WORK INSTRUCTIONS
Would you mind restating all of the records word for word, skipping the pictures?

[EXCERPTED RECORDS Boundary: Start]

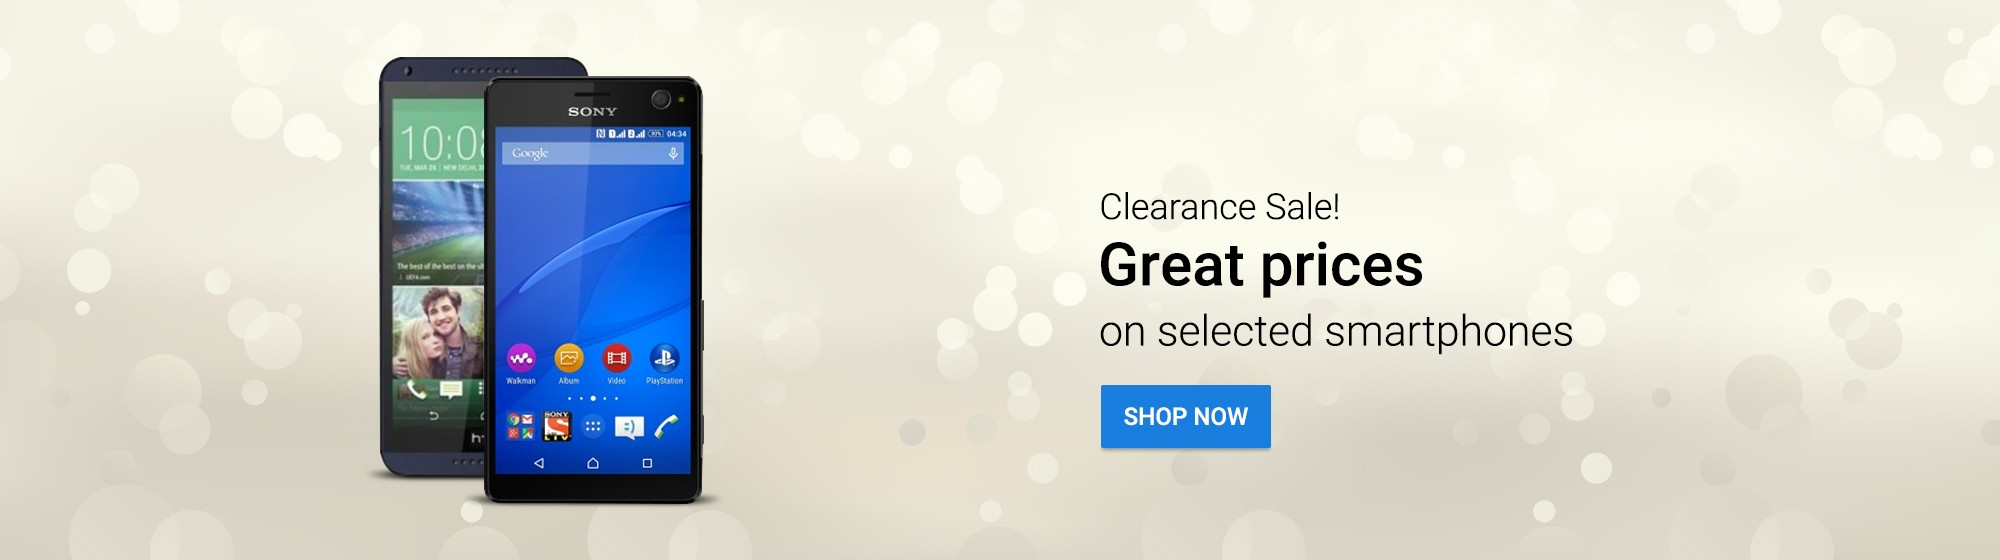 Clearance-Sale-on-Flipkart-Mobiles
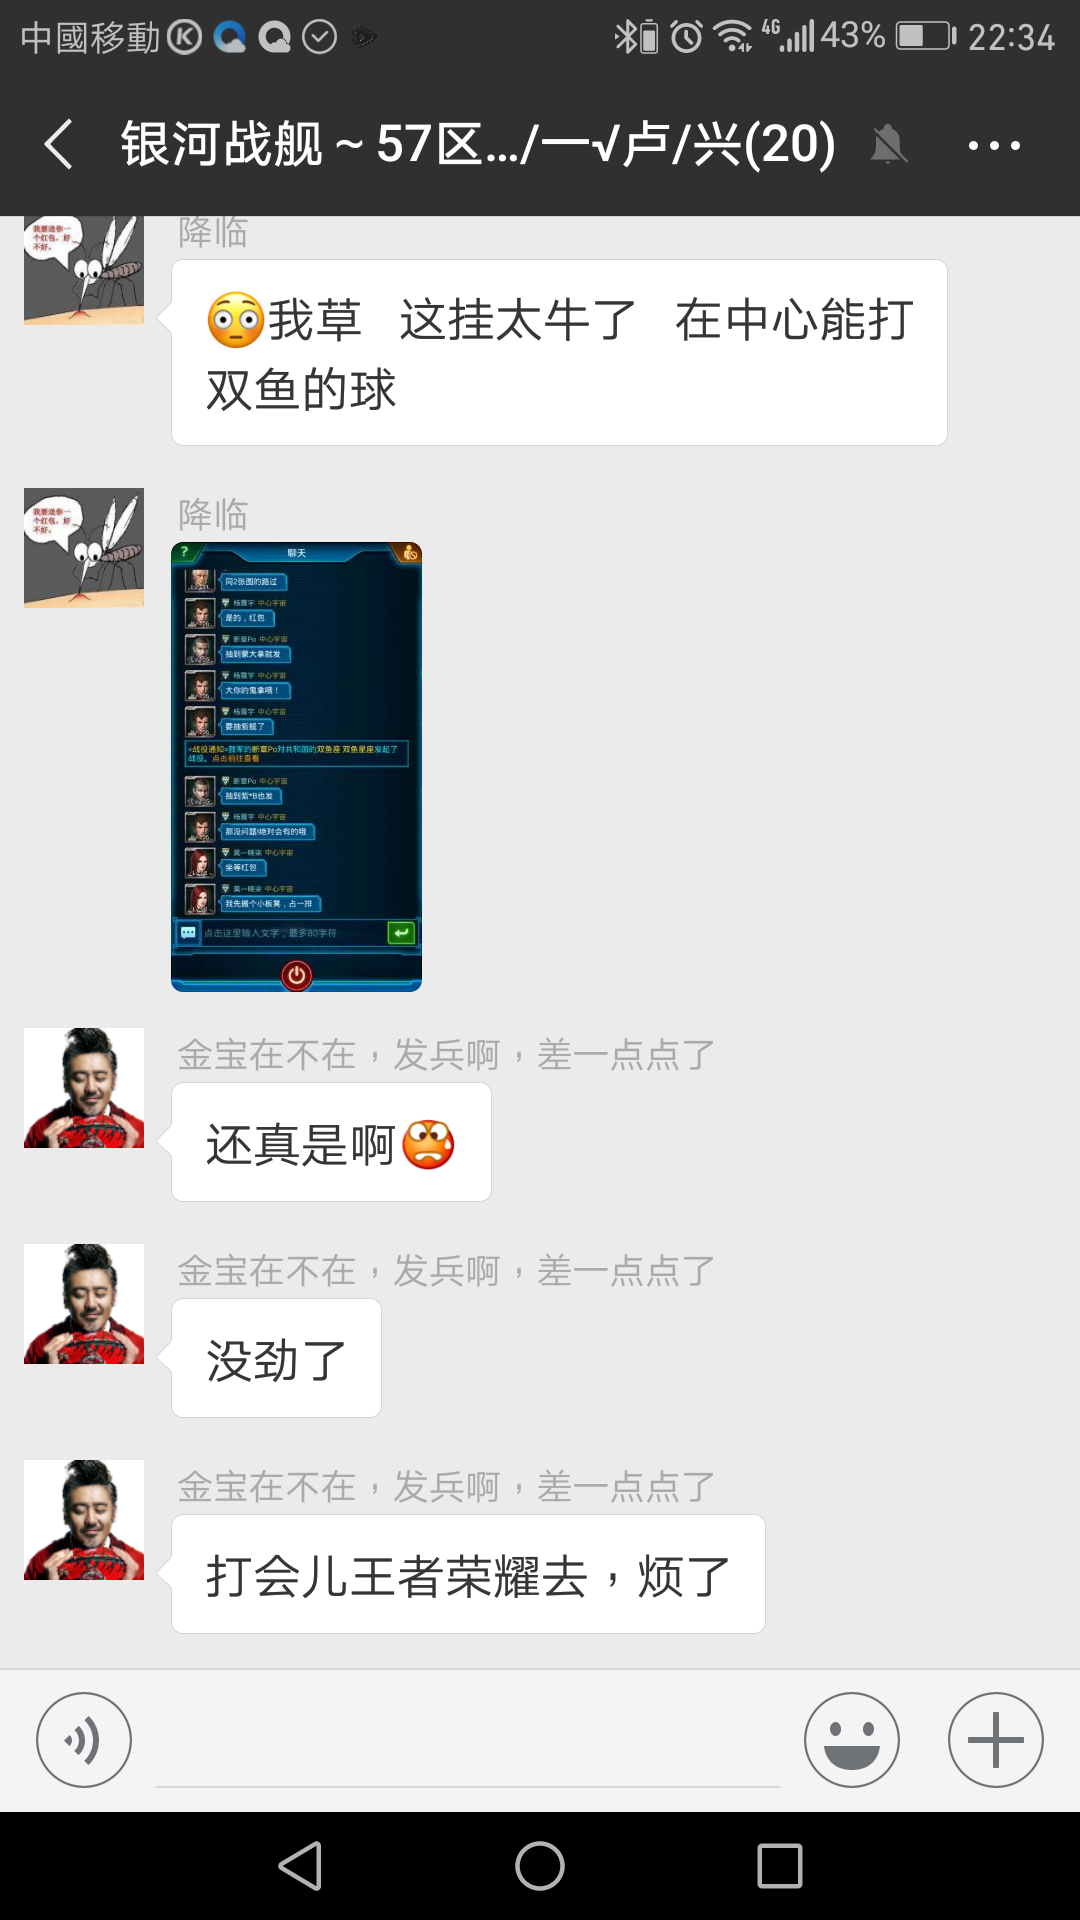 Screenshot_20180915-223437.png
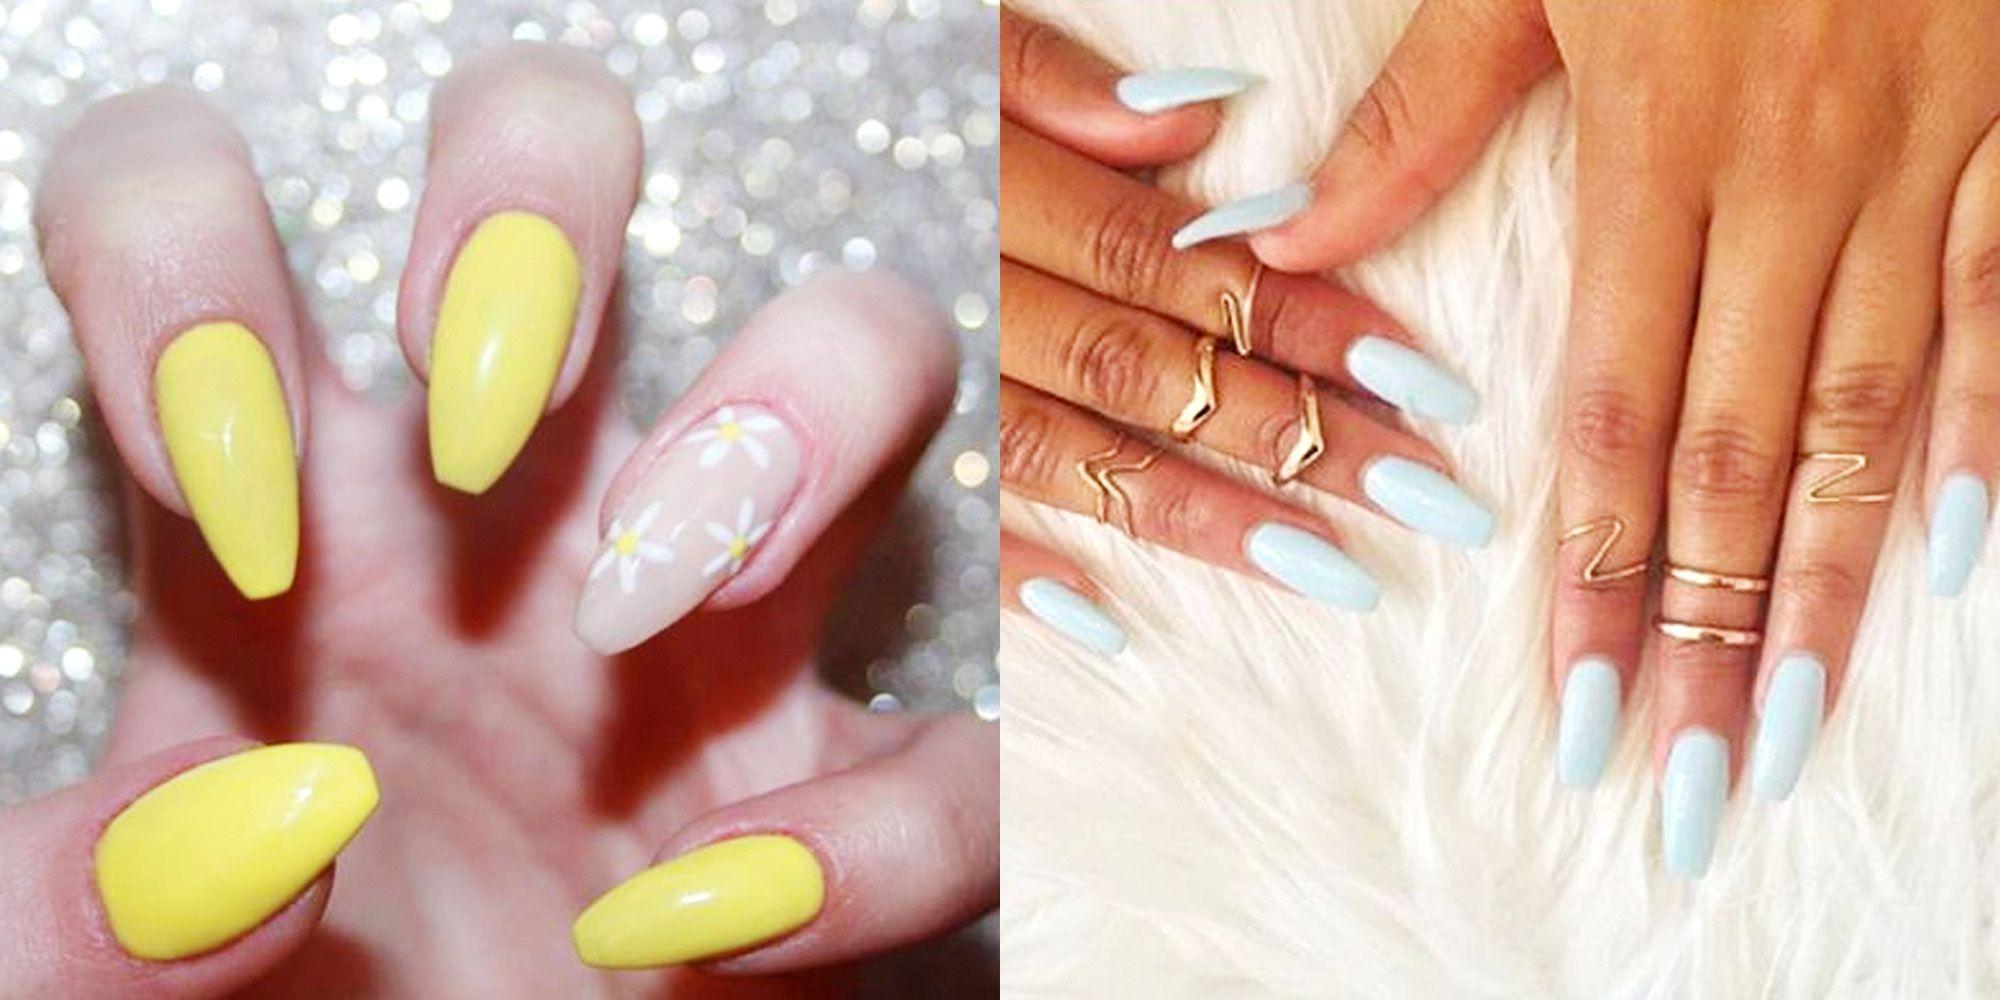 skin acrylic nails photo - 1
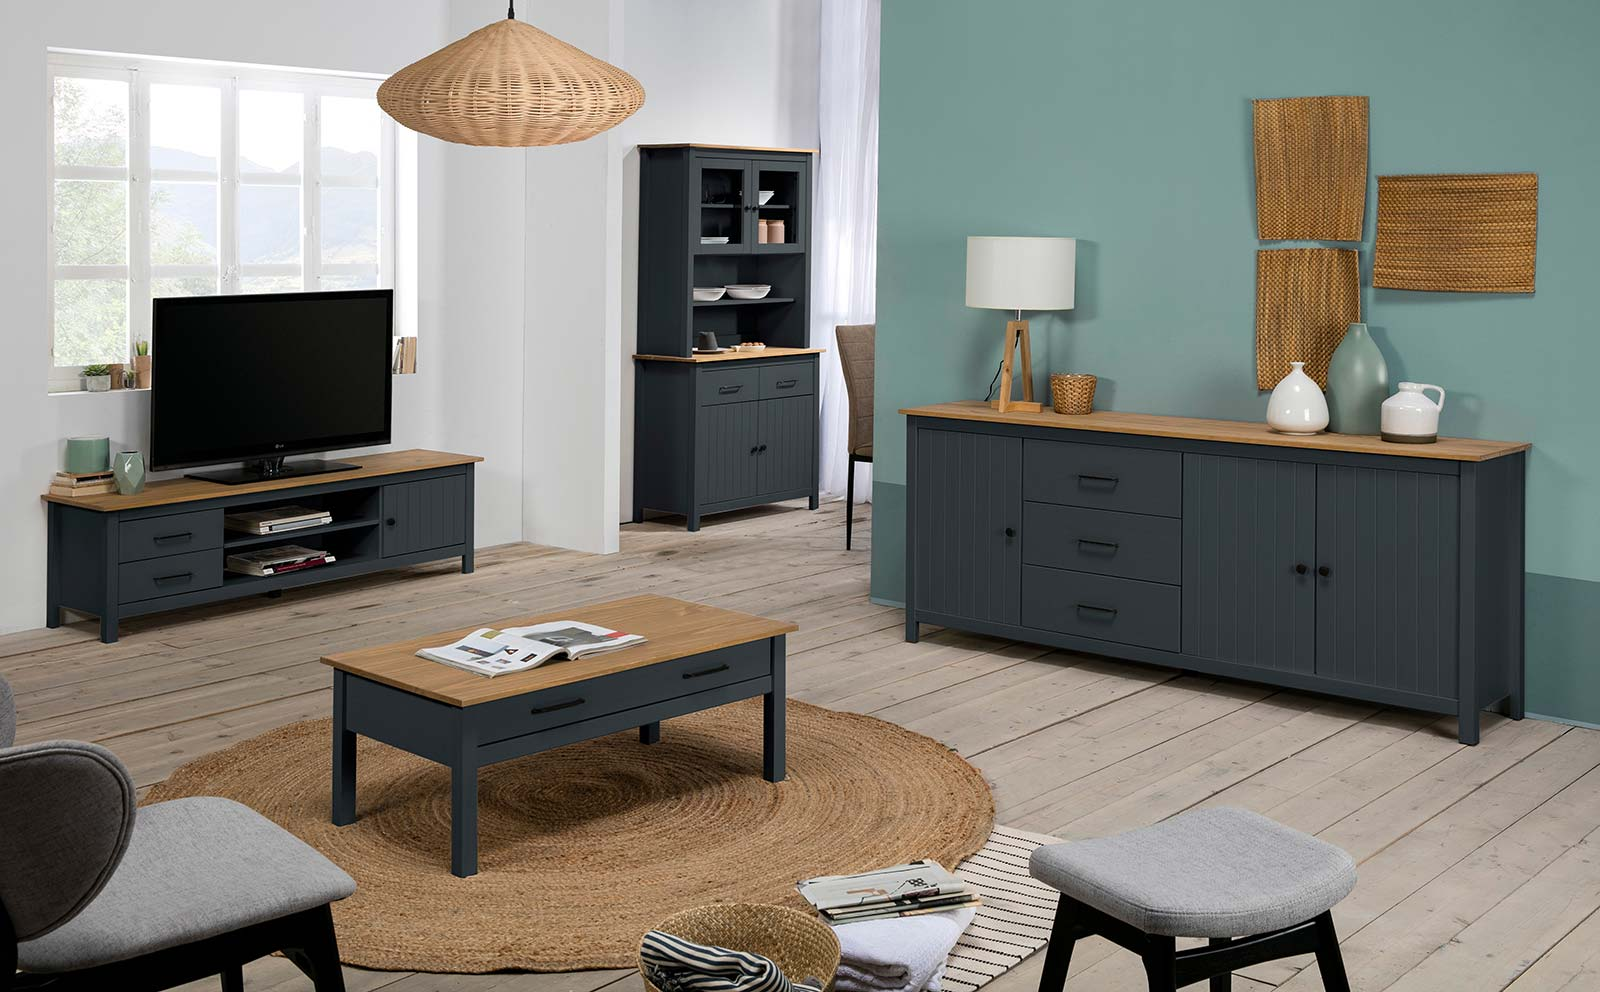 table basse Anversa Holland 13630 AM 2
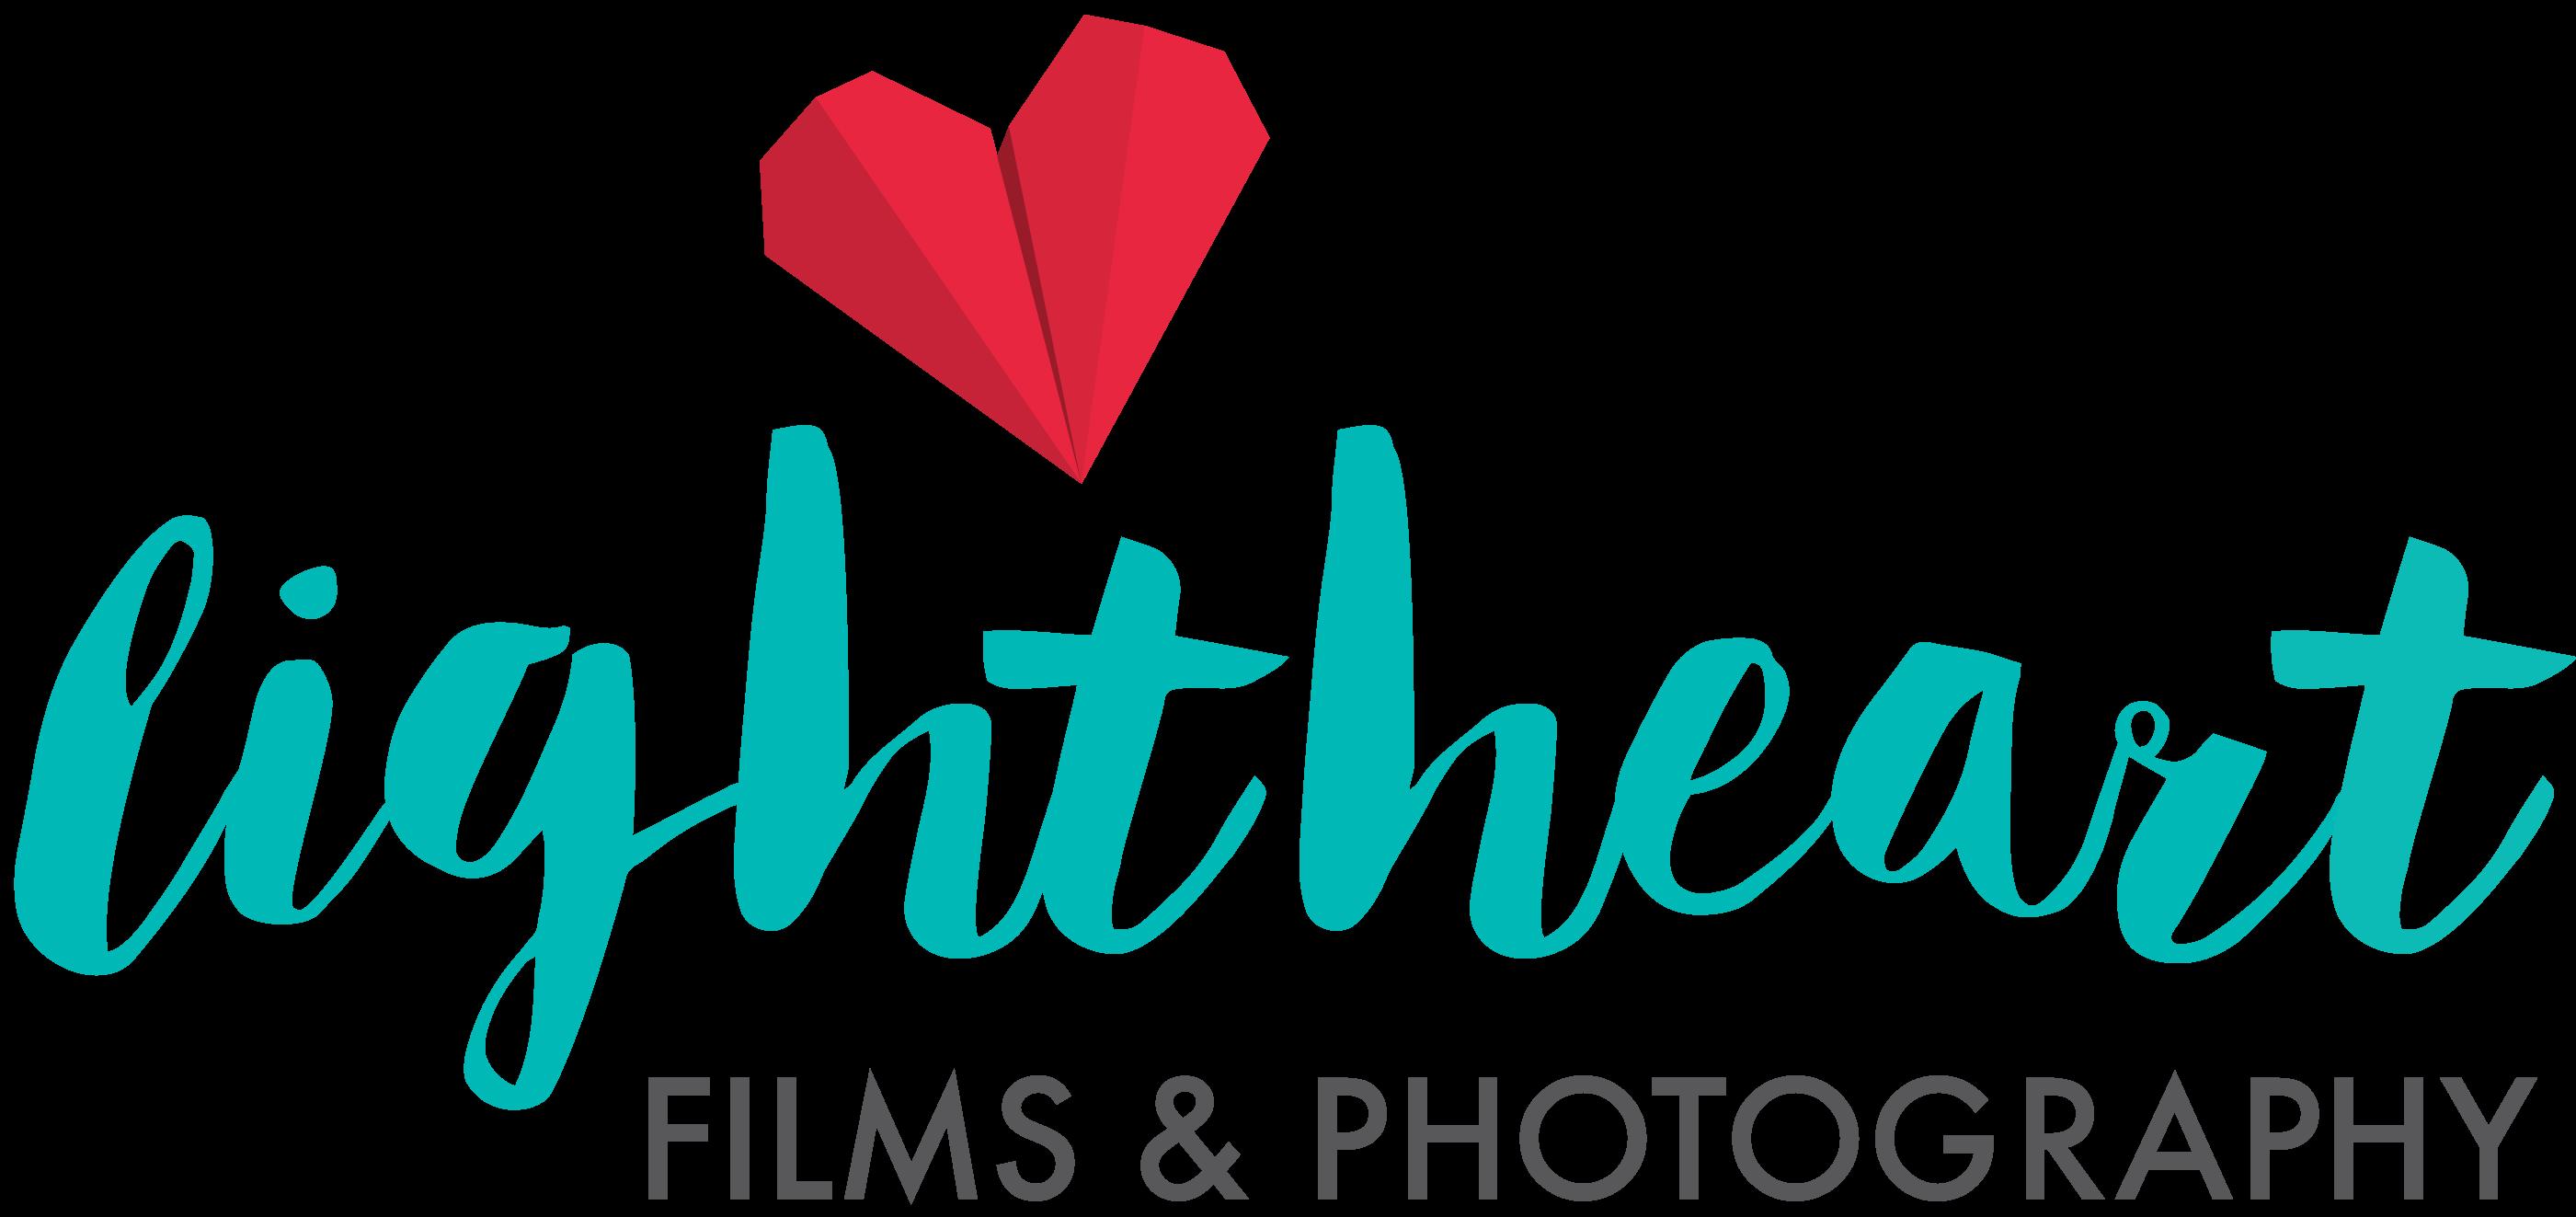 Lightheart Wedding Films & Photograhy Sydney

[EXCERPTED RECORDS Boundary: End]

RESPONSE AREA
 Clearance-Sale-on-Flipkart-Mobiles
 Screenshot_20180915-223437.png
 skin acrylic nails photo - 1
 table basse Anversa Holland 13630 AM 2
 Lightheart Wedding Films & Photograhy Sydney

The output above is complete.